*Task objective*:
Only those lines running from the start of the listing below through the line that holds "G.I. Joe: Retro" are to be written out, exactly and in full.

──────

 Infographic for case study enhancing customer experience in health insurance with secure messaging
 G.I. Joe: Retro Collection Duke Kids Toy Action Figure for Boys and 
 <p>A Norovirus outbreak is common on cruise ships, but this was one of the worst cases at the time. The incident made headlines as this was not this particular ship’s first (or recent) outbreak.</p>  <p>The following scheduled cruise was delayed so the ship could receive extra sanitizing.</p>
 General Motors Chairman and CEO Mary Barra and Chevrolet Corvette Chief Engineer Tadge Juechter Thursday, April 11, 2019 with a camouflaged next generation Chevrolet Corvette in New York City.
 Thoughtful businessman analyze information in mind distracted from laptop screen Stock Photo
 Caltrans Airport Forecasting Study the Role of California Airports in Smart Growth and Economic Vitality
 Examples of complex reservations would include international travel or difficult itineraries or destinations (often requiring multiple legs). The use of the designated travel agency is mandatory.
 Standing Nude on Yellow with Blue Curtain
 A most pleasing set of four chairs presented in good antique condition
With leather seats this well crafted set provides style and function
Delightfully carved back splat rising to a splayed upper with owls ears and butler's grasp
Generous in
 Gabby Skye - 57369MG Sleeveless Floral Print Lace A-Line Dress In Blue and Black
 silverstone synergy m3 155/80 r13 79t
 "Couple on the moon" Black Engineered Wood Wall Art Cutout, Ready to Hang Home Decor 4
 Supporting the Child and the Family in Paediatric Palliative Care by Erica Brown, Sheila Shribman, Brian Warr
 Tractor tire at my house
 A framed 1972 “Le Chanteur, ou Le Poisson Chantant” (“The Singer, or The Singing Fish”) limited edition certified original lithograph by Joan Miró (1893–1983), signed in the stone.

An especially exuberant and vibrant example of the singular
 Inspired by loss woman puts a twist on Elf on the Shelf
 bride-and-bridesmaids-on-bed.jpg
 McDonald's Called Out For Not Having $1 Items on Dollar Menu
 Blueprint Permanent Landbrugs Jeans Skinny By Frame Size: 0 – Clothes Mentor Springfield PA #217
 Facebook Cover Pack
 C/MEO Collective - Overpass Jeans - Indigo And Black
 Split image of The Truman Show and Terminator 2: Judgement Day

──────

*Answer to this task*:
 Infographic for case study enhancing customer experience in health insurance with secure messaging
 G.I. Joe: Retro Collection Duke Kids Toy Action Figure for Boys and 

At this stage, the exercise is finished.